La nascita di Yellow é stata festeggiata con una cena fra luccichio di candele, sorrisi, risate ed i meravigliosi colori dei quadri di Simona e per l'occasione ho portato in tavola la mia versione di un piatto propiziatorio:

POLLO AL CURRY CON MELOGRANO



1,5 kg di pollo (cosce e sovracosce)
500 gr di riso thai equo-solidale
2 cucchiaini di olio di girasole
4 spicchi d'aglio tritati finemente
5 cm di zenzero fresco tritato finemente
2 cucchiaini di peperoncino frantumato
1 cucchiaio di curry in polvere
2 cipolle dorate medie tritate
2 cucchiaini di zucchero
1 cucchiaino di sale
500 ml di latte crudo
succo di 1 limone
succo di 1 arancia
q.b. chicchi di melograno
q.b. prezzemolo tritato

Con un coltello grosso e piatto o una mannaia. dimezzate i pezzi di pollo tagliando l'osso e poi metterli in un recipiente con il succo di limone ed il succo d'arancia a macerare per 1 notte rigirandoli di tanto in tanto.
Scaldate l'olio in una casseruola; fate soffriggere l'aglio, lo zenzero, il peperoncino e il curry per 3 minuti a fiamma media mescolando spesso.
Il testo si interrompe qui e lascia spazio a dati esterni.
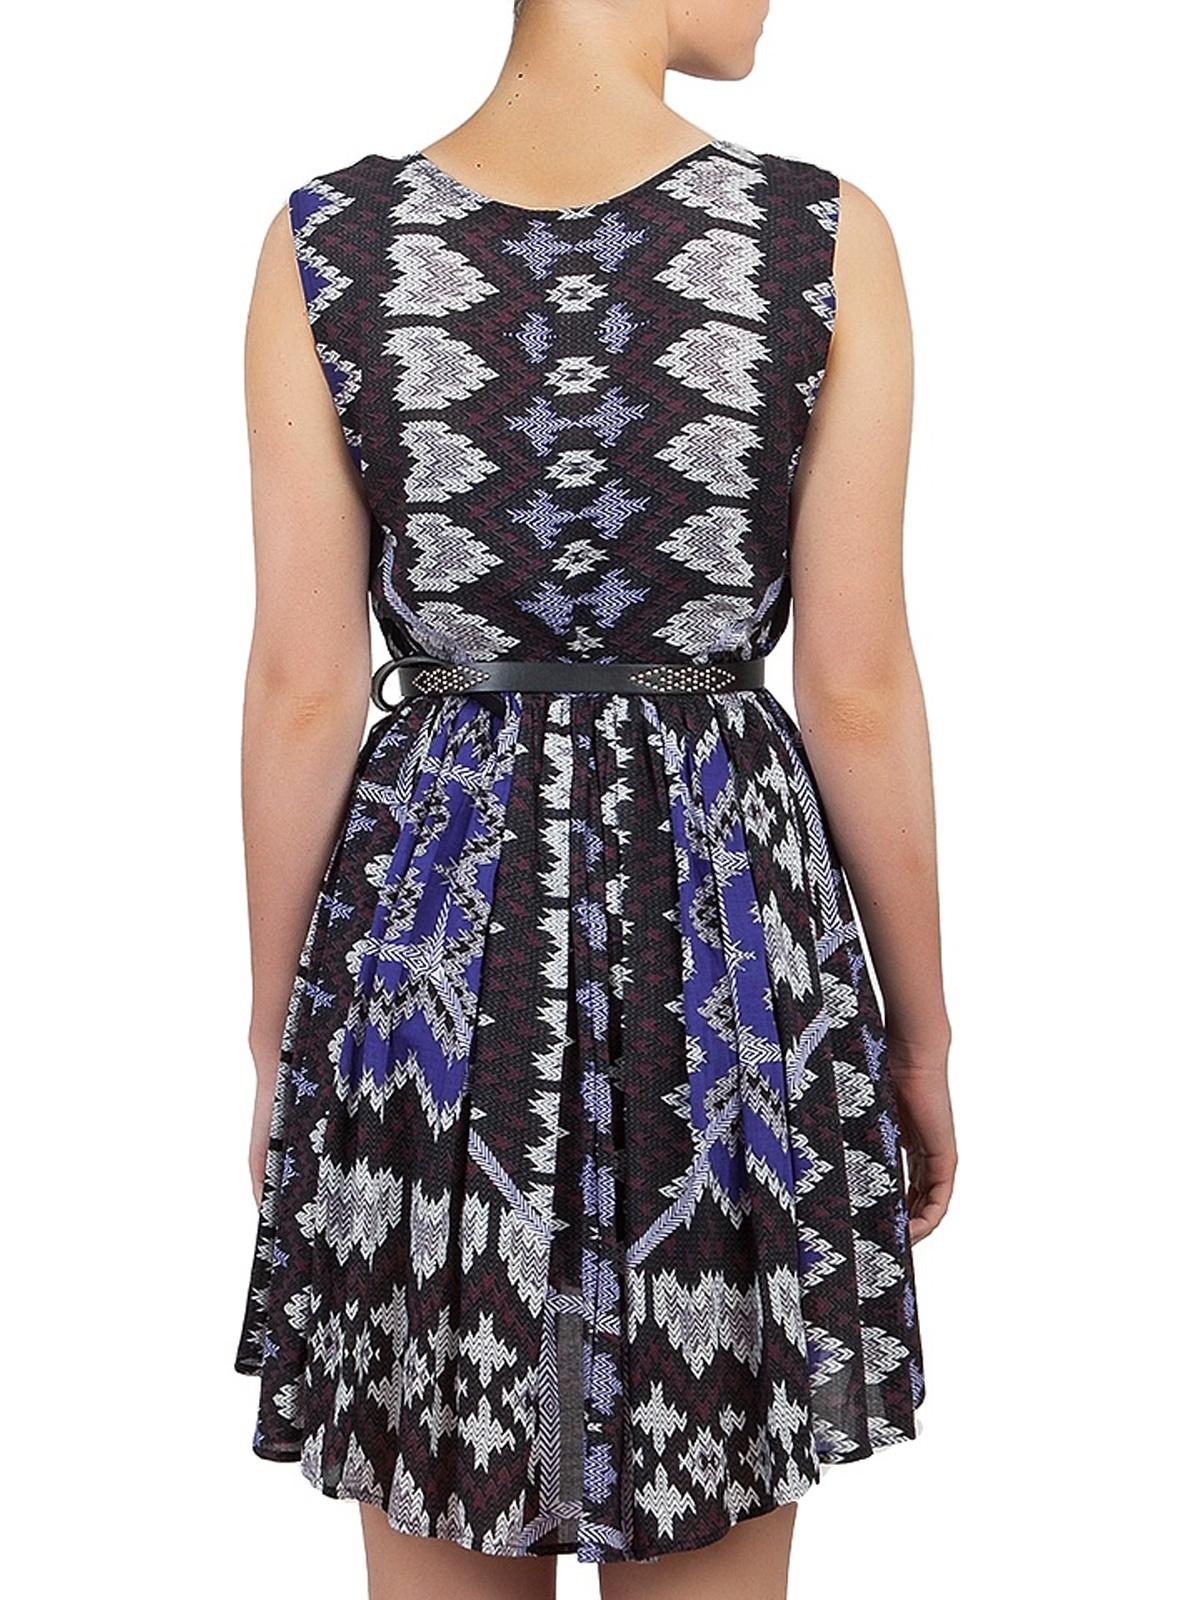 Free People | Take Me To Thailand Back and Blue Ikat Dress | GIRISSIMA.COM

Unite il pollo (scolato, asciugato e tamponato con carta da cucina), le cipolle, lo zucchero ed il sale. Mescolate, coprite la casseruola e fate cuocere per 8 minuti. Rigirate bene il pollo nella salsa. Rimettete il coperchio, abbassate al minimo la fiamma e fate cuocere il pollo per 15 minuti: la cottura lenta gli farà rilasciare i succhi. Irrorate con il latte e portate ad ebollizione, mescolando di tanto in tanto. Abbassare il fuoco e fate sobbollire il pollo per 30 minuti e servitelo su un letto di riso thai bollito guarnito con il prezzemolo tritato ed i chicchi di melograno.